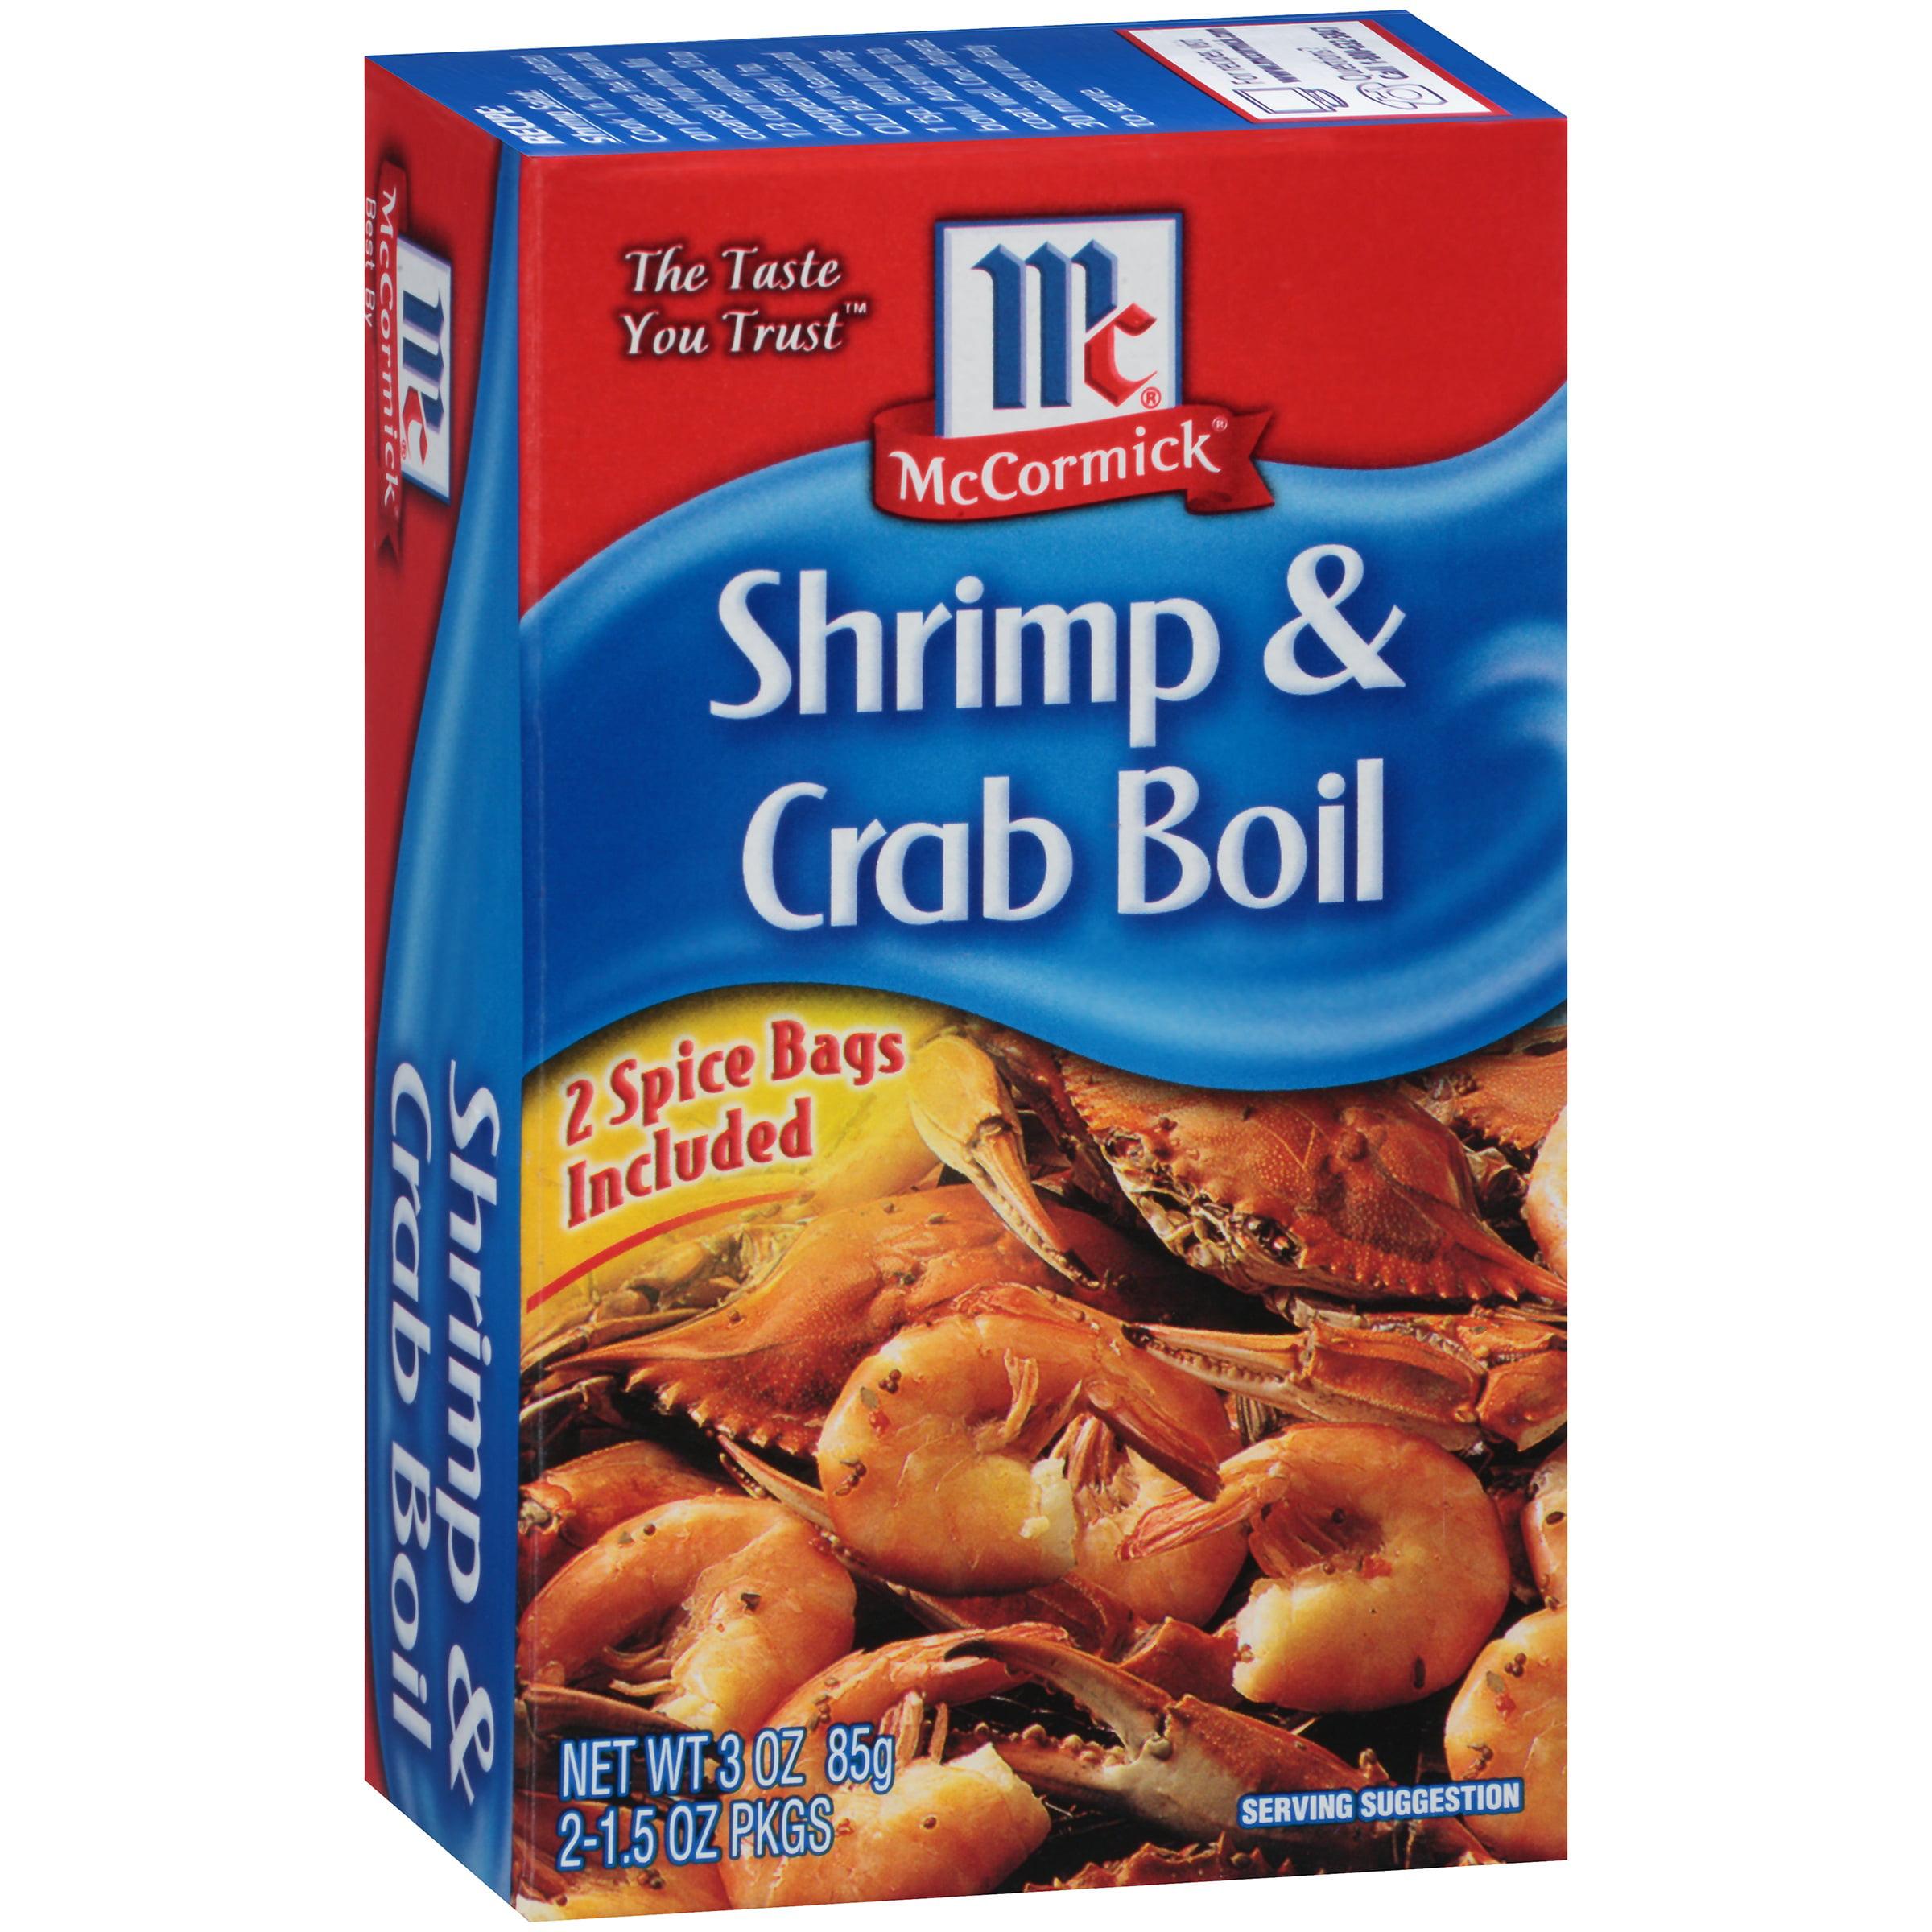 McCormick Golden Dipt Shrimp & Crab Boil, 3 oz. Box by McCormick & Co, Inc.
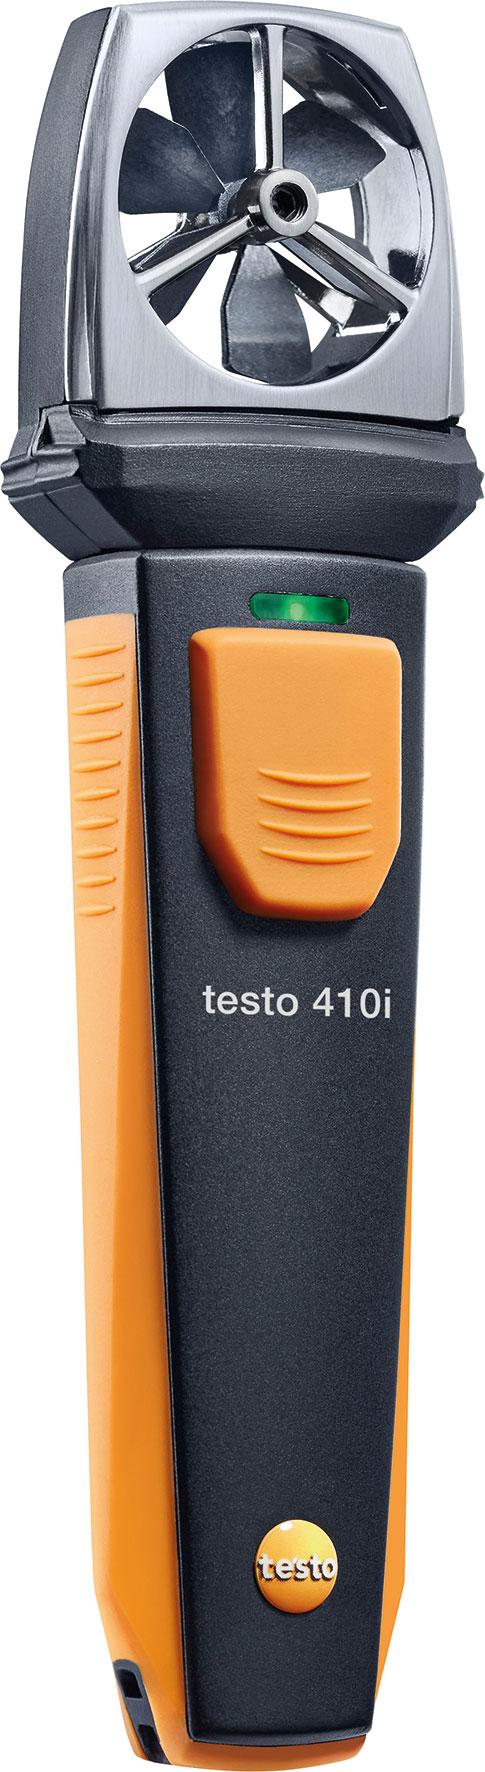 fl gelrad anemometer mit smartphone bedienung testo 410i. Black Bedroom Furniture Sets. Home Design Ideas
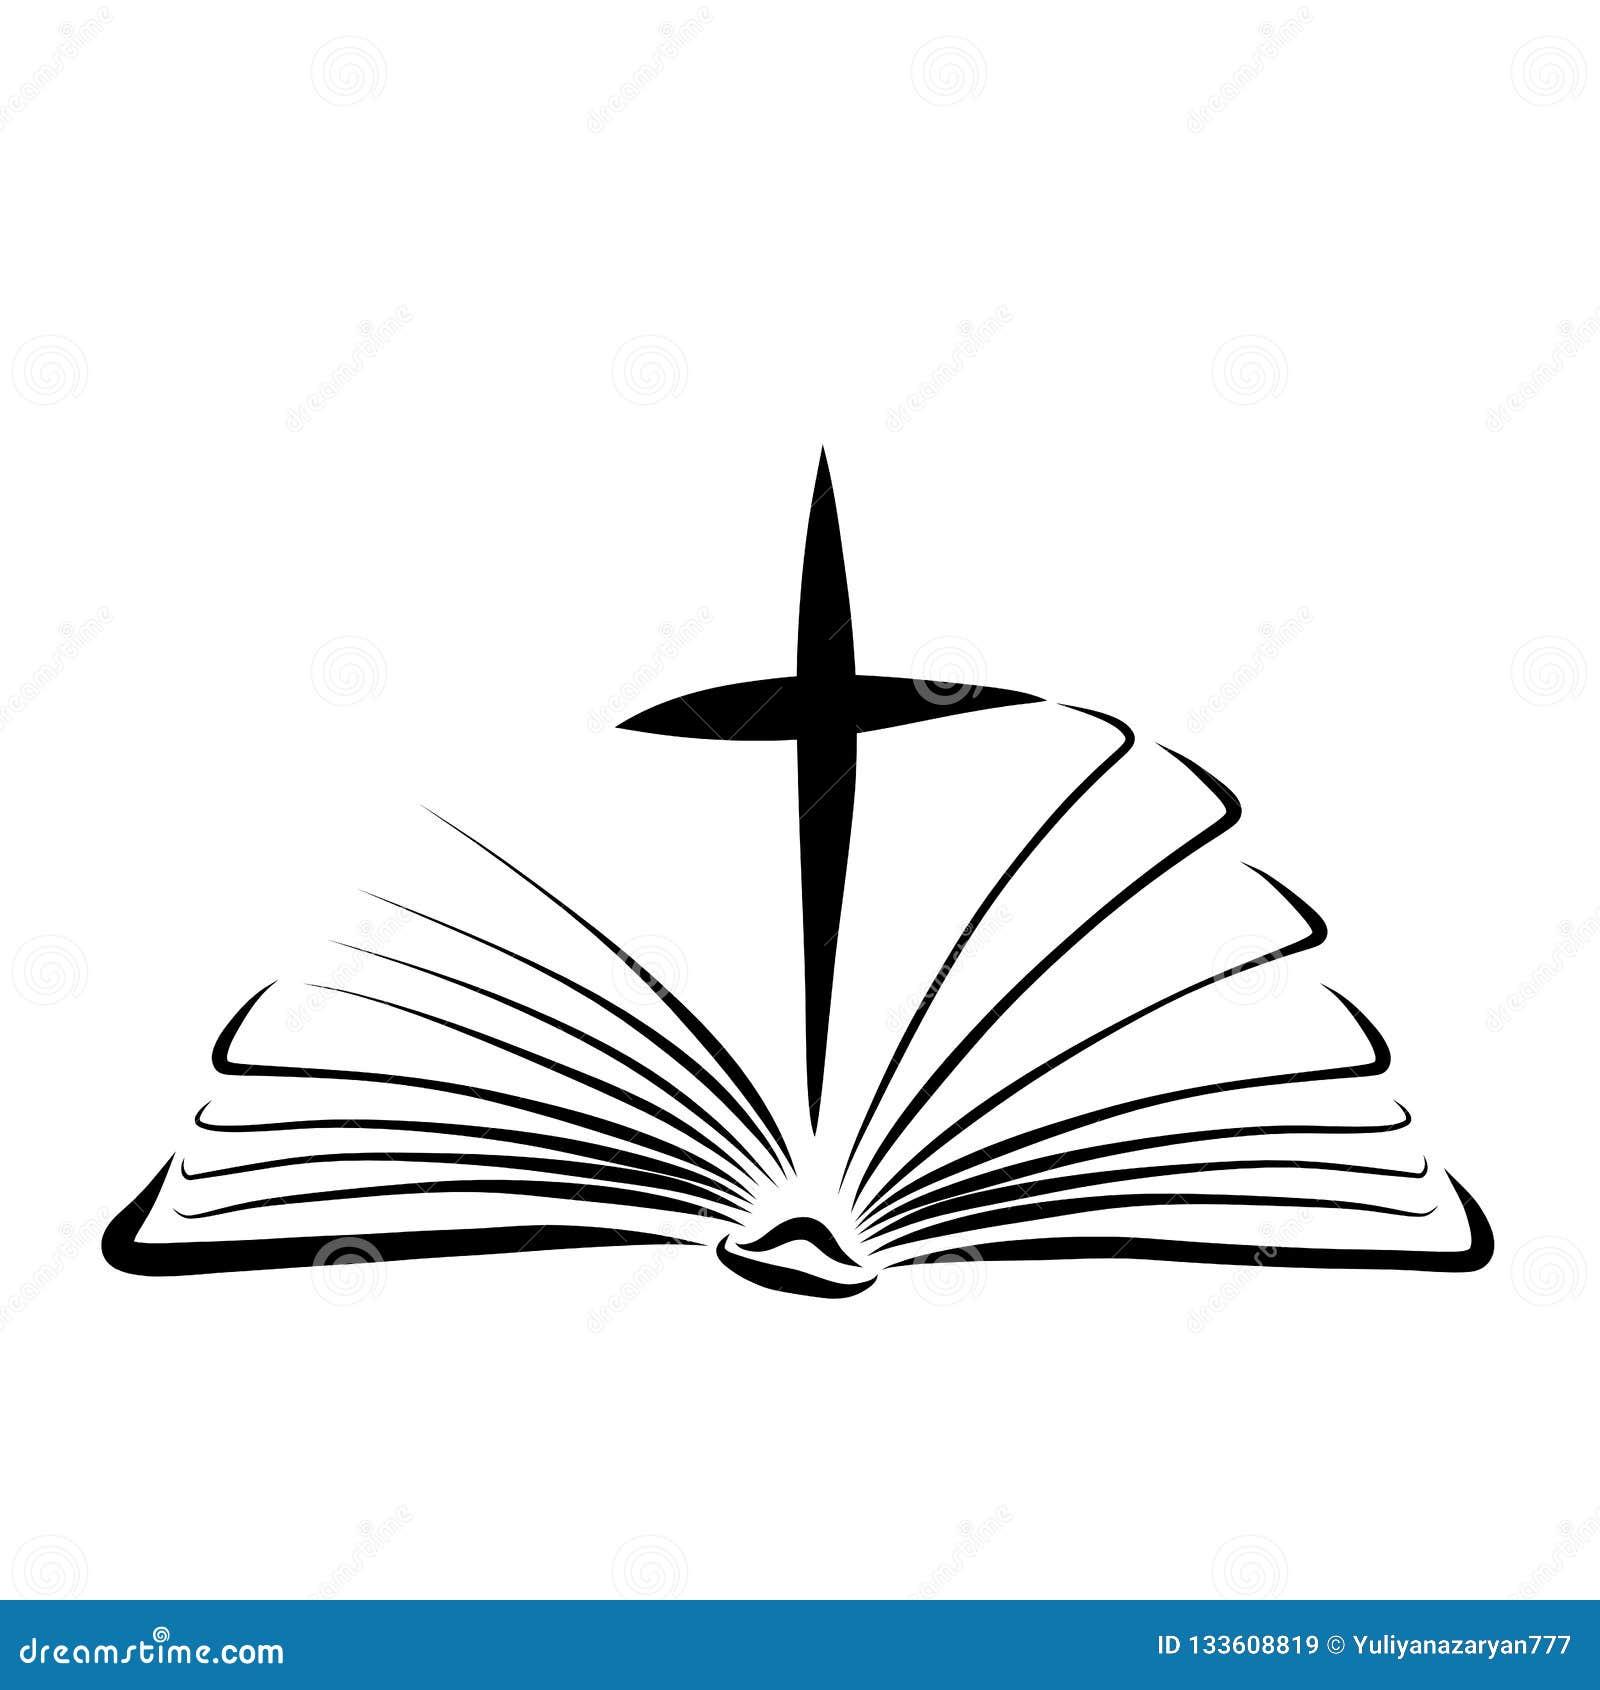 Cruz Entre Paginas De Uma Biblia Aberta Novo Testamento Ilustracao Stock Ilustracao De Coloracao Grace 133608819

^^^^

#### Brief
Print the preceding material over again exactly. Please leave the pictures out.

#### Answer to this task
 McCormick Golden Dipt Shrimp & Crab Boil, 3 oz. Box by McCormick & Co, Inc.
 fl gelrad anemometer mit smartphone bedienung testo 410i. Black Bedroom Furniture Sets. Home Design Ideas
 Cruz Entre Paginas De Uma Biblia Aberta Novo Testamento Ilustracao Stock Ilustracao De Coloracao Grace 133608819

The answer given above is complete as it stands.